Степка Клещъ лѣтъ съ восьми началъ воровскую карьеру и благополучно несъ на дюжихъ плечахъ своихъ бремя опаснаго промысла до самой солдатчины. Въ ротѣ онъ какъ-то разомъ остепенился, принялъ очень аккуратный и старательный видъ, а къ концу службы даже влюбился.
-- Врѣзался, то есть, по самый носъ,-- какъ опредѣлялъ Степанъ свое чувство.
Выйдя въ запасъ, онъ женился и, занялся слесарнымъ мастерствомъ, наиболѣе ему знакомымъ.
Смазливая Груша, вертлявая и кокетливая въ дѣвушкахъ, хозяйкой стала обстоятельной, домовитой, даже прижимистой. Помаленьку купили на Собачьемъ хуторѣ домикъ, обзавелись полнымъ хозяйствомъ, а подъ конецъ и на книжку кое-что отложили.
Особенно любилъ бывшій воръ праздники. Самъ закупалъ провизію, совался во всѣ горшки, которыми грохотала у печки располнѣвшая Груша, самъ же убиралъ и праздничный столъ.

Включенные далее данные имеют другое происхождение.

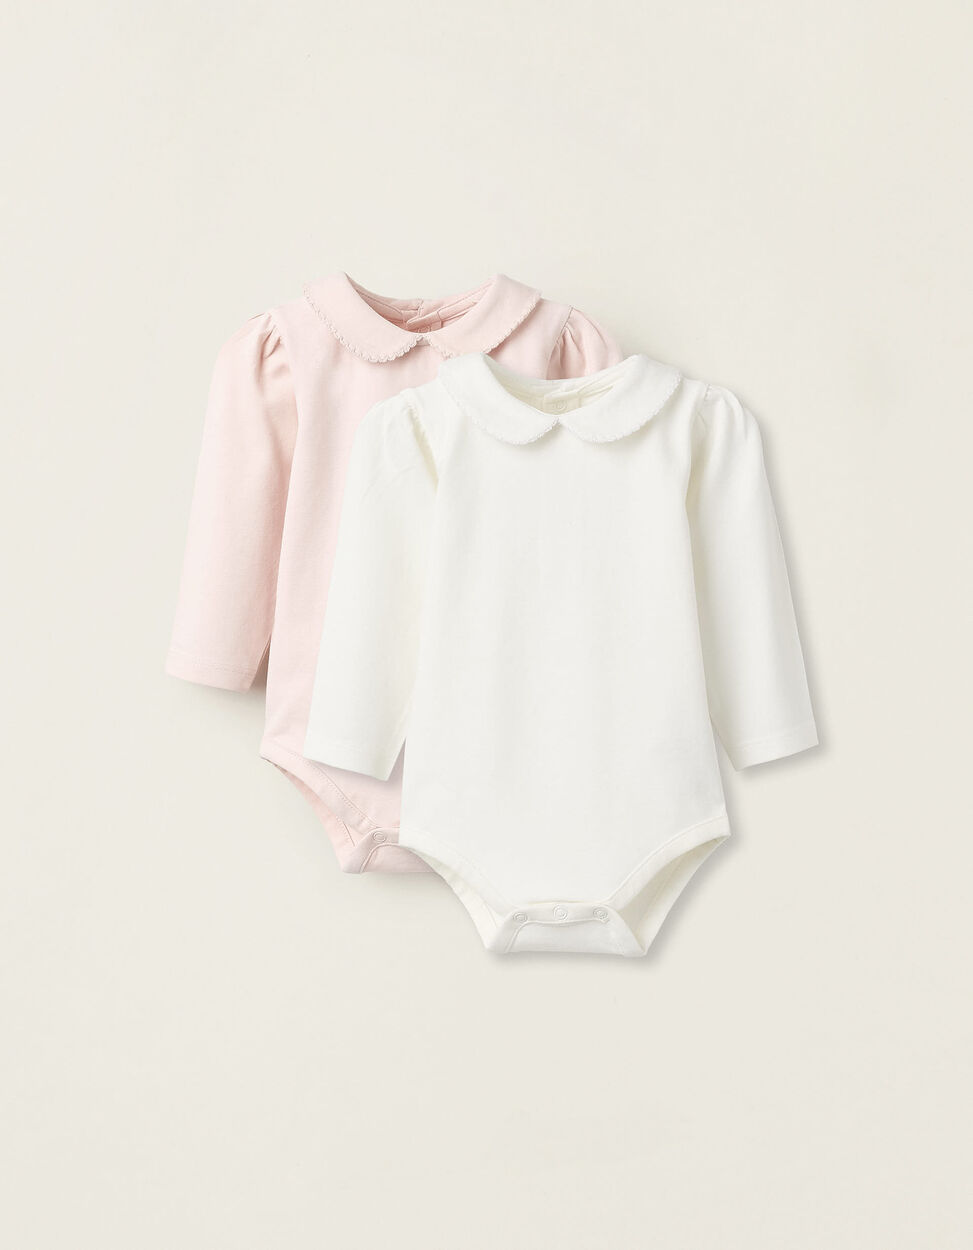 Buy Online Pack of 2 Bodysuits with Peter Pan Collar for Newborn Girls, White/Pink

По всѣмъ правиламъ справлялась масленица, о Рождествѣ закатывали гуся съ начинкой фунтовъ въ десять вѣсомъ, а ужъ про Пасху и говоритъ нечего. Куличей, окороку, колбасъ, всего набиралъ Степанъ столько, что потомъ послѣ праздника чуть не мѣсяцъ остатки доѣдали.
Война потревожила было безпечальную жизнь Степана Васильича, однако, онъ увернулся: устроился на заводъ работающимъ на оборону; въ свободное время частные заказы исполнялъ, и благосостояніе почтенной пары все упрочивалось.
* * *
Только къ полуночи подъ Свѣтлое Воскресенье кончили Степанъ Васильевичъ съ Аграфеной Петровной предпраздничныя хлопоты. Приготовили столъ, разставили промежъ куличей за большія деньги добытыя бутылки съ коньякомъ, виномъ и настойкой, умылись, пріодѣлись и ушли въ церковь къ заутренѣ...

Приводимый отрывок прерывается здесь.